The most up-to-date HIV data available revealed that in the month of May 2023, there were 1,256 reported new cases, with 1,186 (94 percent) being male. Around one third (32 percent) of these cases involve young people aged 15 to 24 years old
The Philippines has become the country with the fastest growing HIV epidemic in Asia and the Pacific. The prevalence and rate of transmission was described as “low and slow” from 1984 to 2004 and “hidden and growing” from 2005 to 2009; now it is characterized as “fast and furious.” From 2012 to 2023, there was a 411-percent increase in daily incidence based on “The State of the HIV Epidemic in the Philippines: Progress and Challenges in 2023.” In 2022, the Department of Health reported a 21-percent increase in the number of new HIV cases compared to the previous year.
The most up-to-date HIV data available revealed that in the month of May 2023, there were 1,256 reported new cases, with 1,186 (94 percent) being male. Around one third (32 percent) of these cases involve young people aged 15 to 24 years old. Of the 396 reported youth cases, 394 (99 percent) acquired HIV through sexual contact. The main mode of transmission in this group is males who have sex with other males (MSM) accounting for 89 percent of the cases. Eighty (20 percent) of the youth cases were reported to have advanced HIV infection at the time of diagnosis.
The HIV rate is growing at an alarming rate in the Philippines, especially among the Filipino youth. This is in contrast to the general global HIV trend, which has seen a levelling off and even decline, with an estimated 1.3 million individuals worldwide acquiring HIV in 2022, marking a 38-percent decline in new HIV infections since 2010.
Pope Francis has noted the challenge for young people to live their sexuality in a healthy way, remarking that “young people are aware that the body and sexuality have an essential importance for their lives and for their process of growth in identity. Yet in a world that constantly exalts sexuality, maintaining a healthy relationship with one’s body and a serene affective life is not easy.”
Individual efforts need to be assisted by sound public health policies too. Matthew Hanley and Jokin de Irala underscored that “it is noteworthy that public health entities seek to modify some lifestyle choices but not others. The consumption of tobacco, cholesterol-laden diets, sedentary lifestyles, and reckless driving are all considered behaviors that require modification, but sexual behavior associated with disease and other adverse consequences is not.” The confusing message about sexuality in the Philippine media may be also be contributing to the worrying rise in HIV rates among Filipino youth.
The Catholic Church can still do much more in the area of education and moral formation of the youth. The Clergy and religious could be better formed themselves to deal with these challenging issues.
We could ask, why are so many Filipino youth engaging in same sex relations?
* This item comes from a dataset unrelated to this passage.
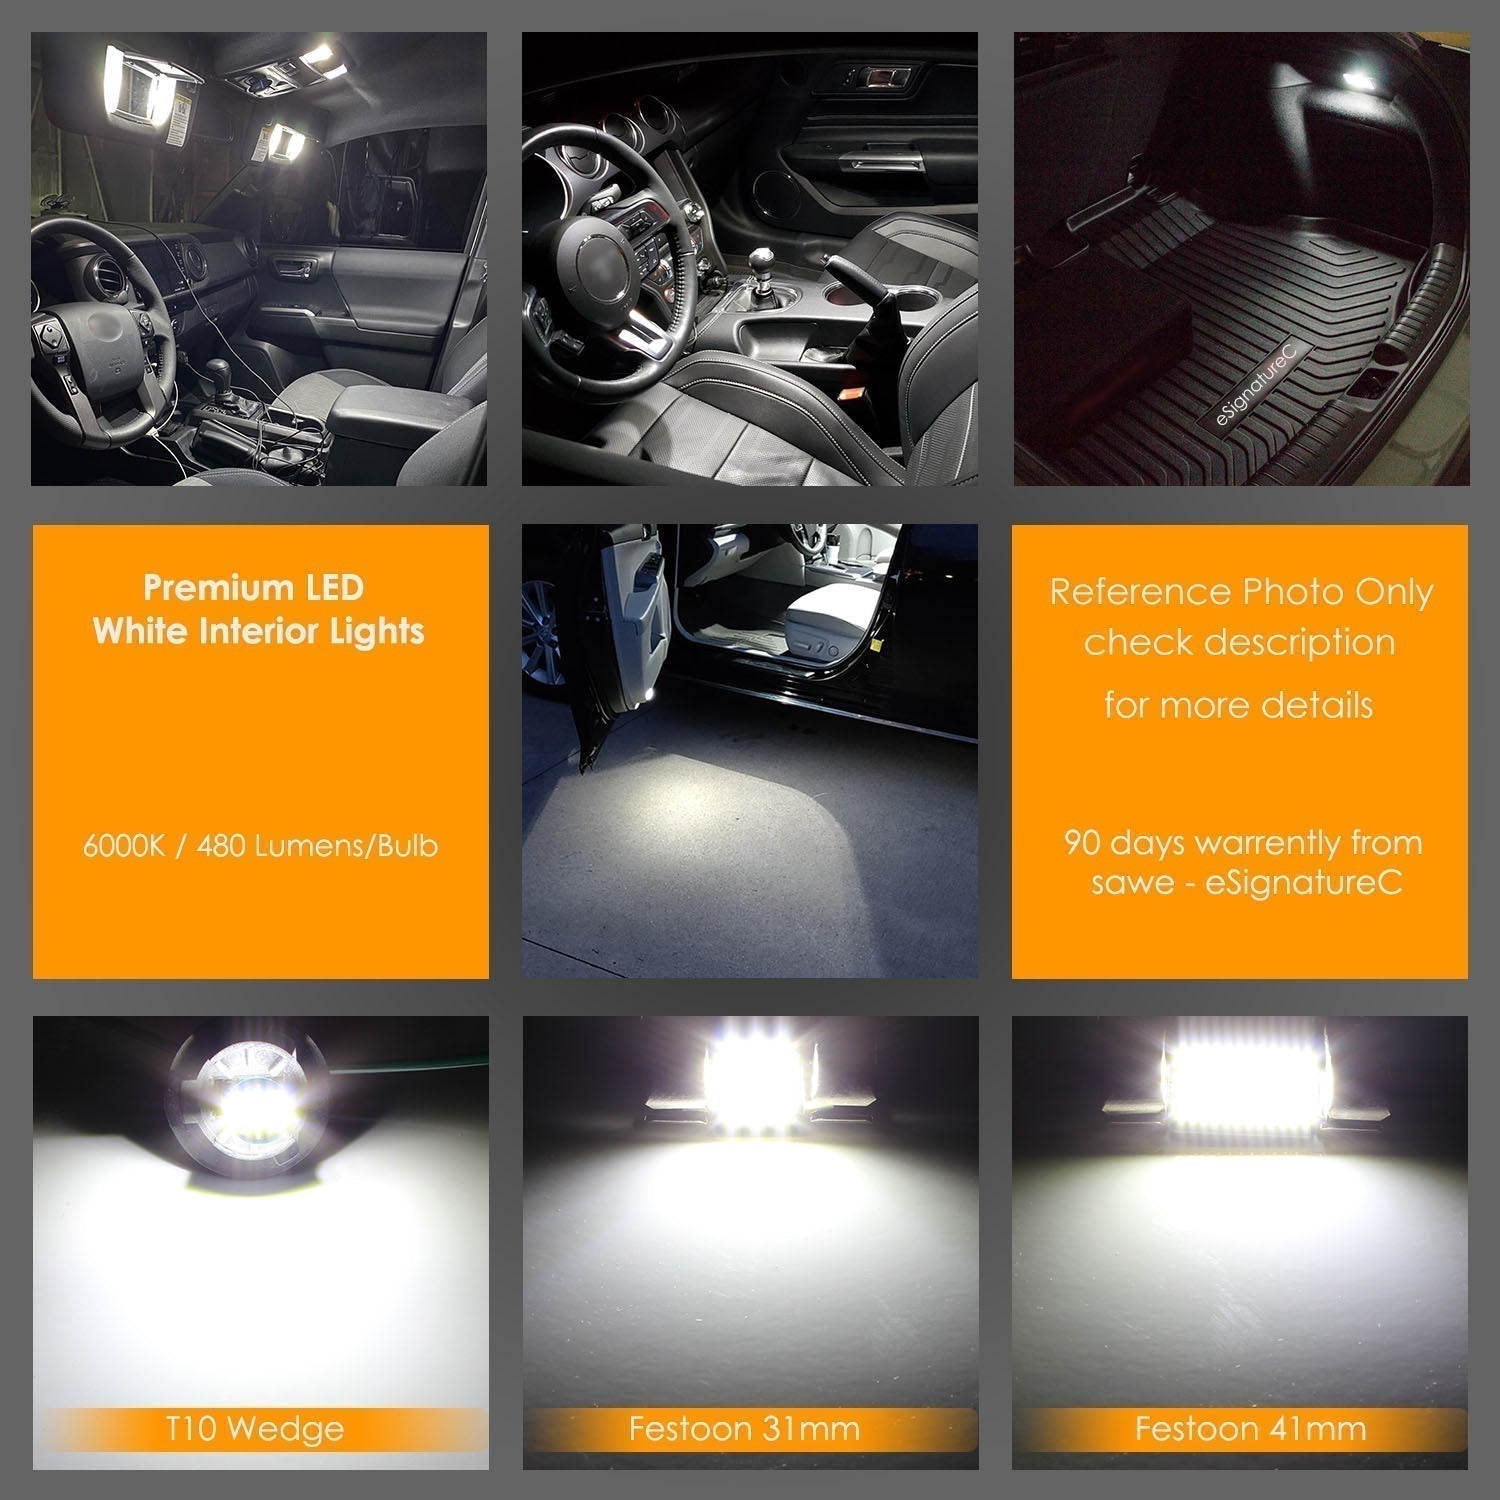 For Volkswagen Tiguan Interior LED Lights - Dome & Map Light Bulbs Package Kit for 2009 - 2015 - White

What could be done to help such youth in prostitution, and why are many customers seeking such sexual activities? With great compassion and sensitivity, the Church must also welcome teenagers who have same sex attraction, remembering the words of Pope Francis, “Who am I to judge?”
But not forgetting that the Church also teaches that it is sinful to have sexual relations outside marriage.
According to Louie Mar Gangcuangco and Patrick Eustaquio, who did the “The State of the HIV Epidemic in the Philippines: Progress and Challenges in 2023” research paper, “the HIV epidemic in the Philippines requires a multisectoral approach and calls for sustained political commitment, community involvement, and continued collaboration among various stakeholders. It seems that existing strategies are largely failing the Filipino youth, who remain in dire need of AIDS education, seeing that more than half (52 percent) of youth still incorrectly believe that a person can get HIV by sharing food with someone who is infected.
Sometimes exaggerated political correctness makes the AIDS establishment more fearful than the strongly underlined abstinence-chastity as a valid approach in the MSM group, resulting in many more new HIV infections. The AIDS establishment thus bears a grave responsibility given the limited resources – with little available for affordable medical care – and HIV infection usually translates into more deaths, especially among the youth.
Among the global targets of Sustainable Development Goals is to eradicate AIDS by 2030. However, the sad reality is that if real progress is not made, it is estimated that by then half of the new cases of HIV in the Philippines will be among the youth.
The author is also a medical doctor.